Maybe you can clear up a few terms I keep hearing, but keep ignoring
cos I don't full understand!

Base / Collector / Emitter - I don't completely understand.. Is the
collector always +ve and the emitter grounded/-ve?

The base, collector and emitter (B, C, E) are the three terminals of a
bipolar transistor. The base and collector are positive with respect to the
emitter of an NPN transistor. The reverse is true of a PNP transistor.

The emitter of an NPN transistor is not always connected to ground.

Sink / Drain - These seem to be used in describing which way things
are connected... Used in the datasheets quite a bit too, such as
"input/open drain output"

Gate, drain and source are the terminals of a field effect transistor. They
are in, a limited sense, equivalent to base, collector and emitter.

A "current sink" is something into which current flows; a "current source"
is something out of which current flows. An output "sinks" current when it
pulls low; and "sources" current when it pulls high.

An "open drain" output can only pull low. The pull-up transistor is
disabled in this mode. It goes tri-state (i.e. floating, high-Z, open
circuit) for logic 1. The external circuitry determines the pin's
potential: it must not be allowed to float.

The bipolar equivalent of "open drain" is an "open collector" output.

Well, I've answered your specific questions. I could go on, but this is a
MASSIVE subject. I recommend the book "The Art of Electronics" by Horowitz
and Hill if you fancy some good arm chair / bed time reading on the subject.
It's informal, readable and not at all stuffy or dry.

 

[Dominic-Luc Webb]

I did mean RB0 & RB1, correct.

100 Ohm sounds more like it, I've got a few different LEDs here, and the
resistors have worked out as 120 and 160.

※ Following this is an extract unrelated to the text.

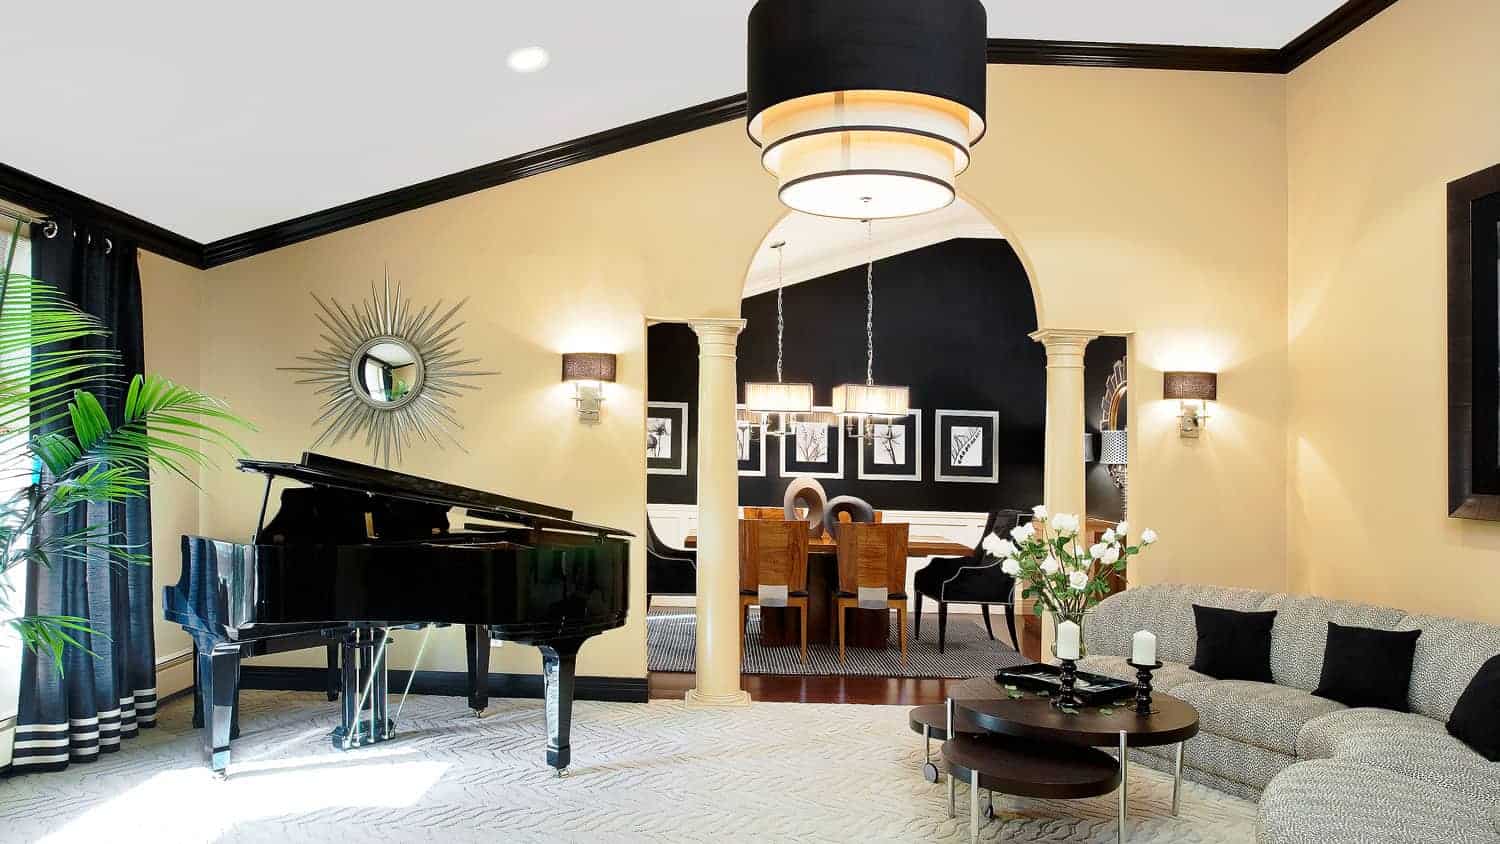 Dramatic living room designed around an ebony black baby grand piano, Dix Hills NY

In this case, they are both 100 Ohm. There is fundamentally no difference
between the two LEDs that would justify two different resistor values
unless you want different brightnesses.

I'll wait and see if anyone suggests an explanation for that
transistor. It would more more sense to me if the collector
and emitter were in reverse order.

LOL! I can't believe so many of you noticed that so quickly! Guess I'll
double check before copying any examples from that book ;o)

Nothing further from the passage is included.